NEW DELHI, Jan 20, 2026, 13:02 IST

  • IEX shares dropped Monday after the power minister confirmed there was no shift in market coupling policy.
  • APTEL will review IEX’s appeal against CERC’s July 2025 order on day-ahead market coupling.
  • Regulators warn that coupling would consolidate power price-setting into one cleared price, sparking concerns about disrupting competition between exchanges.

Shares of Indian Energy Exchange (IEX) fell on Monday following the power minister’s reaffirmation that the government’s position on market coupling remains unchanged, just before a key hearing at the Electricity Appellate Tribunal.

The stock dropped 1.47% to 137.1 rupees on the BSE, fluctuating between 133.65 and 141.90 rupees. Its market capitalization stood near 123.2 billion rupees. The planned reform, set for January 2026, would have Grid-India consolidate bids in the day-ahead market — where power is traded for next-day delivery — and release a single cleared price instead of separate prices across platforms. Goodreturns

This is crucial because it strikes at the heart of how the short-term power market establishes its benchmark price. Remove the separate auctions, and you lose one key factor driving buyers and sellers to favor one exchange over another.

IEX leads the day-ahead and real-time markets, insisting that moving price discovery away from exchanges would damage competition. On the flip side, smaller players like Power Exchange of India and Hindustan Power Exchange represent the opposing view.

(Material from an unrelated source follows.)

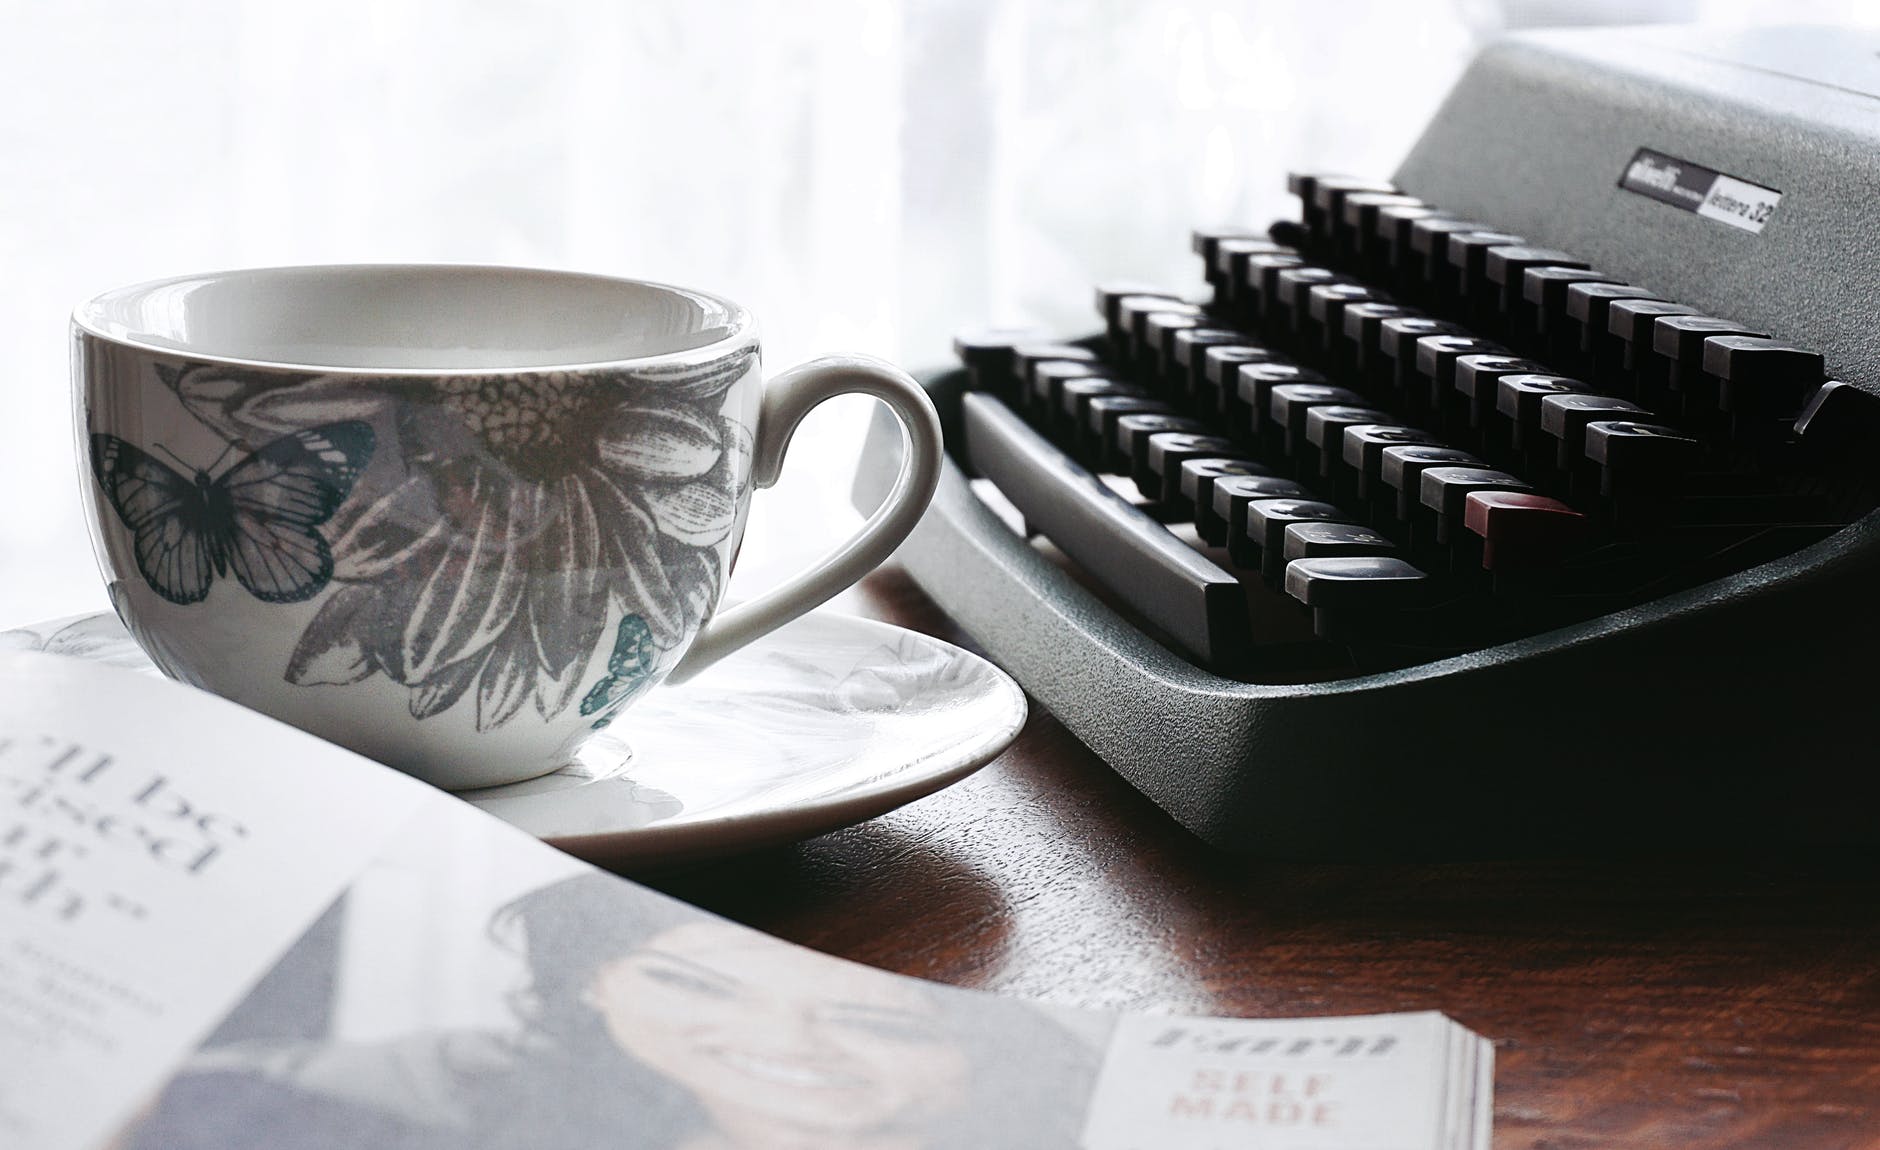 white and gray floral ceramic cup and saucer near black typewriter and book
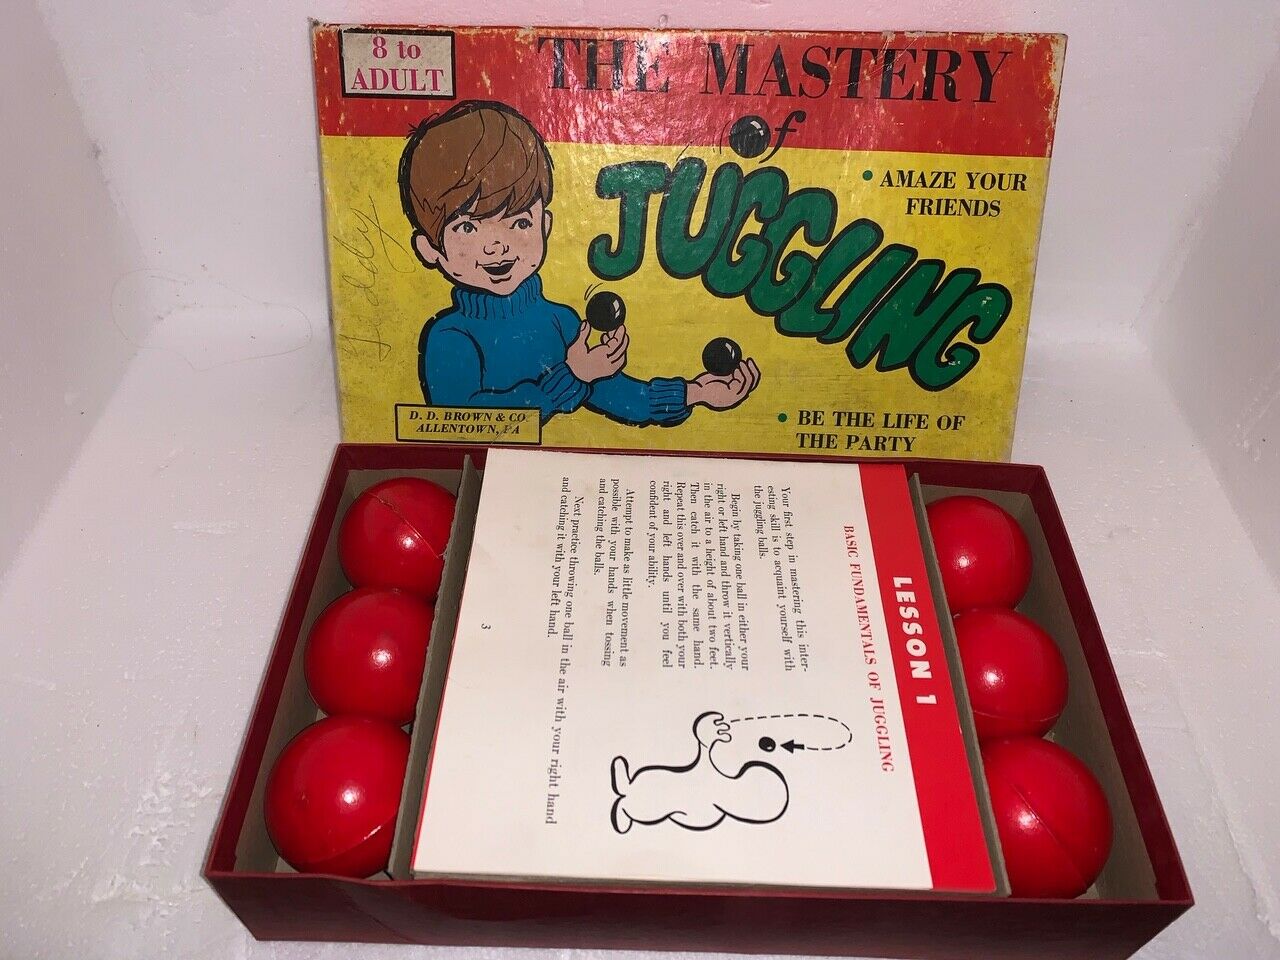 VINTAGE 1970s MASTERY OF JUGGLING TOY INSTRUCTIONAL SET LEARN TO JUGGLE

APTEL is scheduled to consider IEX’s request to withdraw the Central Electricity Regulatory Commission’s (CERC) July 2025 directive on day-ahead market coupling. Just before the hearing, CERC circulated a note clarifying that its July communication should be seen as a “direction” rather than an “order,” according to Angel One. The report also noted that CERC’s counsel had previously told the tribunal the regulator was willing to accept instructions to retract the directive, and the tribunal suggested the case could be resolved swiftly if that intention is formally confirmed. Angel One

IEX has escalated its legal challenge, telling the tribunal the criteria used to approve the coupling order were “fundamentally wrong,” according to ScanX. The tribunal emphasized that regulators’ house “must be in order” and “must be above suspicion,” ScanX reported. Meanwhile, CERC’s counsel insisted the commission won’t proceed with coupling until proper regulations are established. ScanX also noted IEX cited a market regulator report alleging insider trading by certain CERC officials, with illegal gains totaling 173 crore rupees. ScanX

The minister’s comment on Monday shows the policy push is still active, despite ongoing debates among lawyers over process, wording, and control of the machinery. This clash—politics versus tribunal procedure—is what keeps the stock swinging unpredictably.

Still, plenty could derail the process. Should the tribunal uphold CERC’s directive and the government push forward, the market might swiftly shift to a single-price setup. But if the case stalls or the rulebook takes longer than planned, investors could remain stuck with the same overhang and headline-driven swings.

Traders are keeping a close eye for signs on whether the directive will stay intact, be scaled back, or return to regulators for revision. In a market driven by daily auctions, even minor changes in who determines the clearing price can have a big impact.